二 エリカの発案
夏の日差しが照りつけている。
木陰で涼をとっていたエリカは腰に付けていた水筒からアイスティーを一気に飲み干すと、またベチャリと横になった。
「エリカ。そろそろどうだい?」
少し離れたところからよく通る声が響き渡るが、エリカはタヌキ寝入りを決め込んだ。
「ほら、そんな風にごまかしたって、今さっき紅茶を飲んでいたのを見ていたよ?」
しかし声の主は軽快な足取りで彼女の元に近付いて来ると、隣に立って見下ろす。
「ああ。ちょうどいいわ。あなたのおかげで日差しが和らいだ」
「そういうことなら」
そう聞こえるや否や明るい光が自分の顔に降り注いでくる。これにはエリカも身体を起こすしかなかった。
「ひどいわ。せっかく涼んでいたのに」
「気持ちは分かるけど、たまには身体を動かさないと。学生の頃の方がもっと動けていただろうに」
「ああ、デイヴィッド。あなたはたまには身体を休めないといけないわ。毎朝稽古だなんて考えられない」
全く、フードを目深にかぶっているというのにどうしてそこまで元気なのだろう。
そんなことを思いつつもエリカはデイヴィッドの分の紅茶を用意する。コップに注がれる琥珀色の液体から湯気は立ち昇らないが、運動終わりの身体にはちょうど良い。
デイヴィッドはコップを口元へ運ぶ。
「ずっと身体を動かしてきたからね。習慣が乱れると居心地が悪くなるんだ」
「分かったわ。でも無理はしないで。私も無理はしないから」
「上手く切り抜けようとしていないかい?」
「これ以上の運動は断固拒否するわ。それでも誘うのならあなただけ王都に帰ってもらいます」
エリカの言葉にデイヴィッドは大きく頷くと、彼女の隣に腰を下ろした。ここにはエリカ一人だけで来るつもりだったが、事情を説明するや否や同行すると言ってきかなかったのだ。
その時の様子を思い出すと自然と頬の辺りが緩くなる。
「まあ、そういうことならのんびりと過ごしてみるか」
「その意気よ。デイヴィッド」
二人は大樹に背を預けてまったりと過ごす。時折吹き抜ける風は生暖かいが、じっとりと汗ばむ肌にはちょうど良い。

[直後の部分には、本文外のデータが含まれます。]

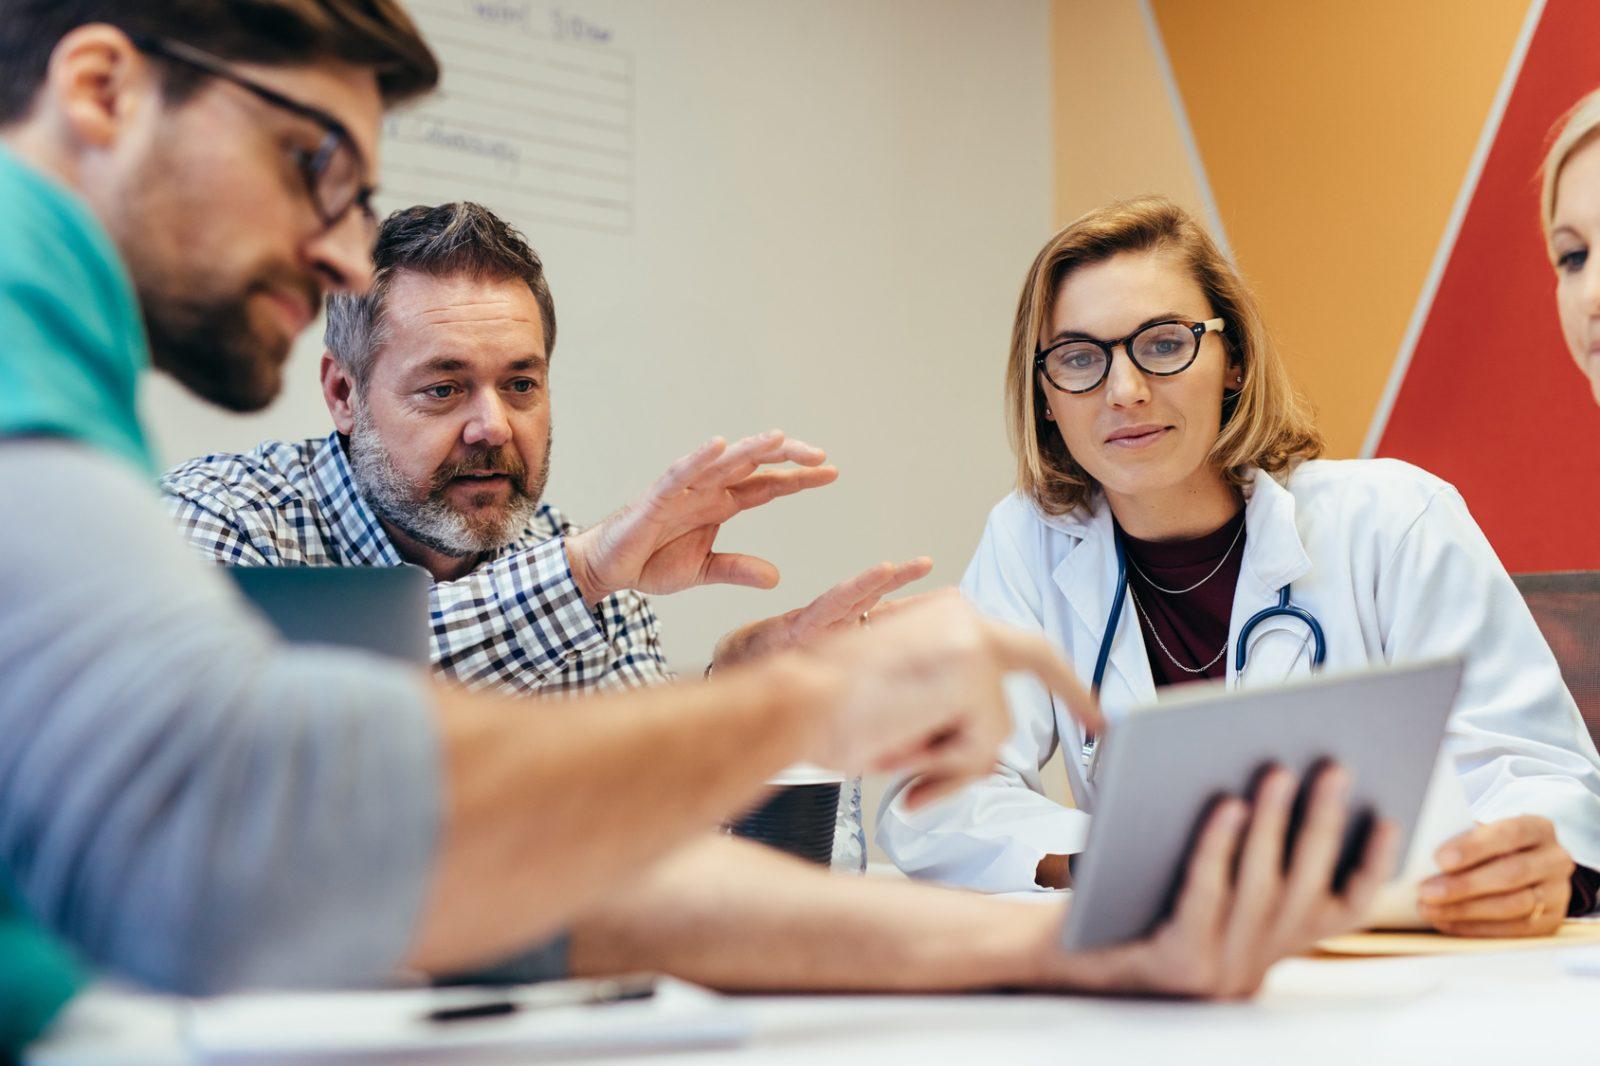 ryhmä terveydenhuollon työntekijöitä lääkärin kanssa kokouksessa. Istuvat pöydän ääressä ja katselevat tabletilta jotakin.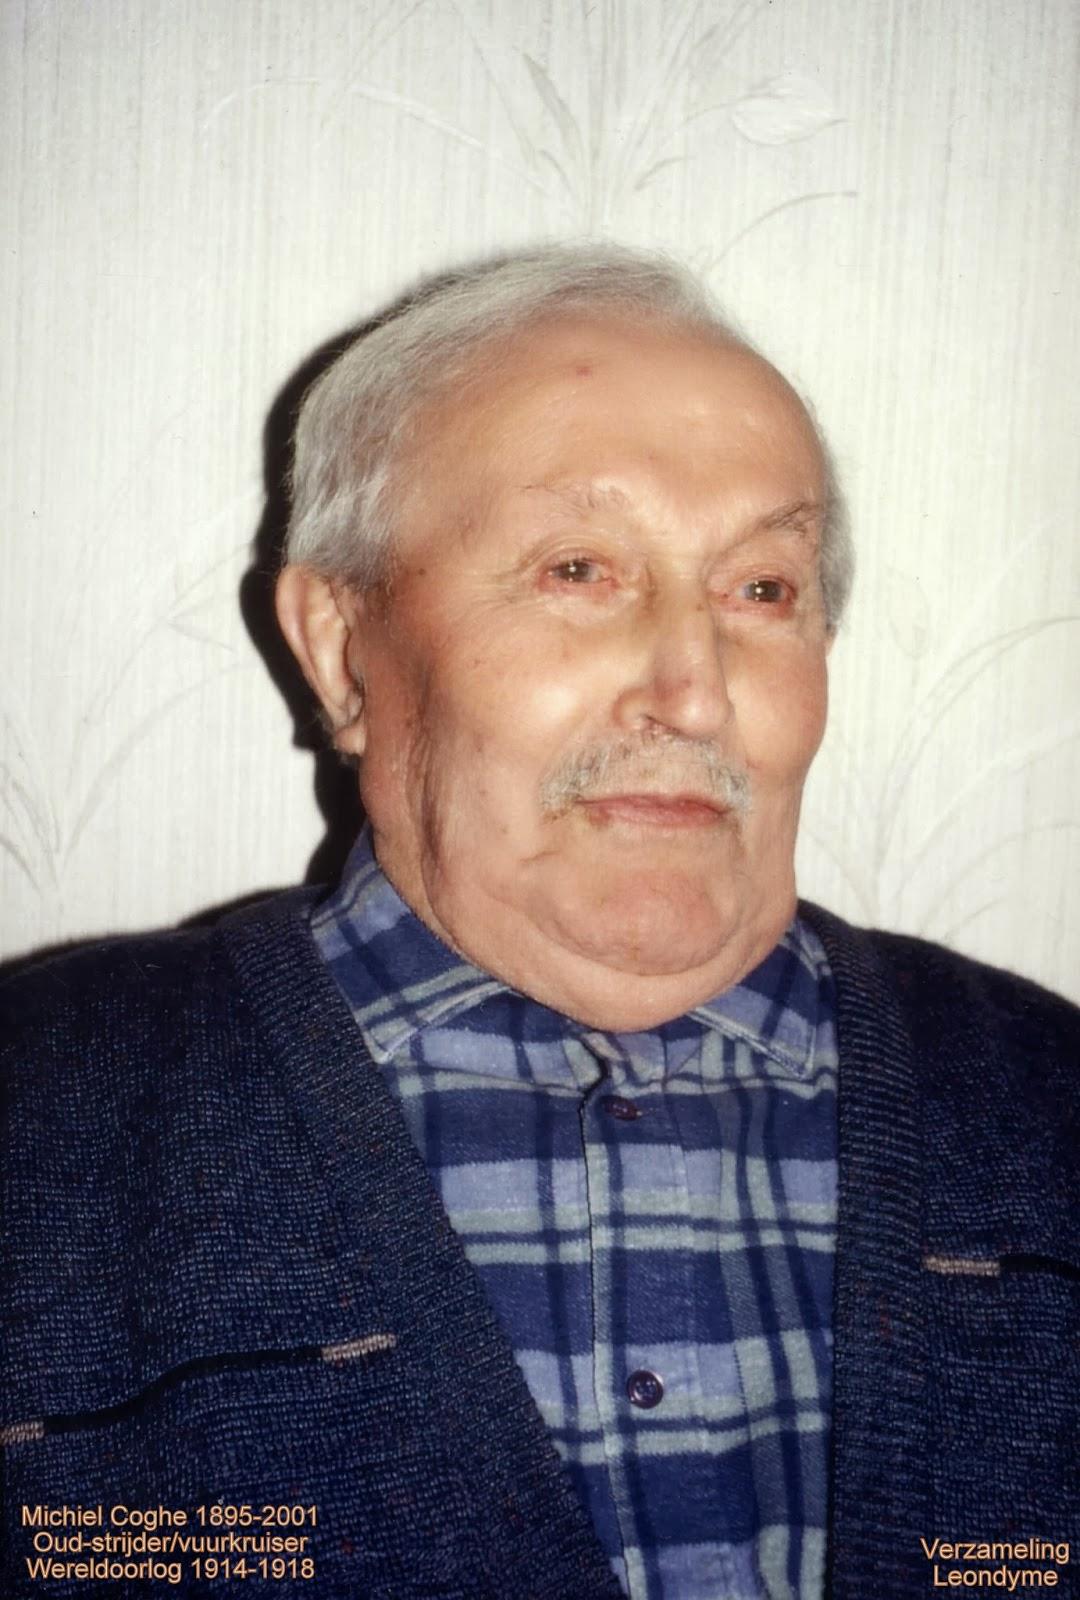 Michiel-Leo Coghe op honderdjarige leeftijd. Verzameling Leondyme

このまま今日はのんびりと過ごすのもたまには悪くないと、うつらうつらし始めたエリカにまた影が差した。
「……あの、スタンフォード卿。お休みのところ申し訳ございませんが、冒険者達の注目が集まっておりまして……」
「ああ、これは失礼しました。ついまったりとしてしまいました」
慌てて身を起こしながらエリカは、困った様子で顔を寄せているジェシカに頭を下げる。
「では、そろそろ伺いましょうか。……ここからは打ち合わせ通りにね?グレゴリー」
「ああ。エリ……オードリー」
二人は立ち上がるとフードが顔を隠しているのをお互いに確認し、ジェシカの後ろに続いて冒険者ギルドへ向かう。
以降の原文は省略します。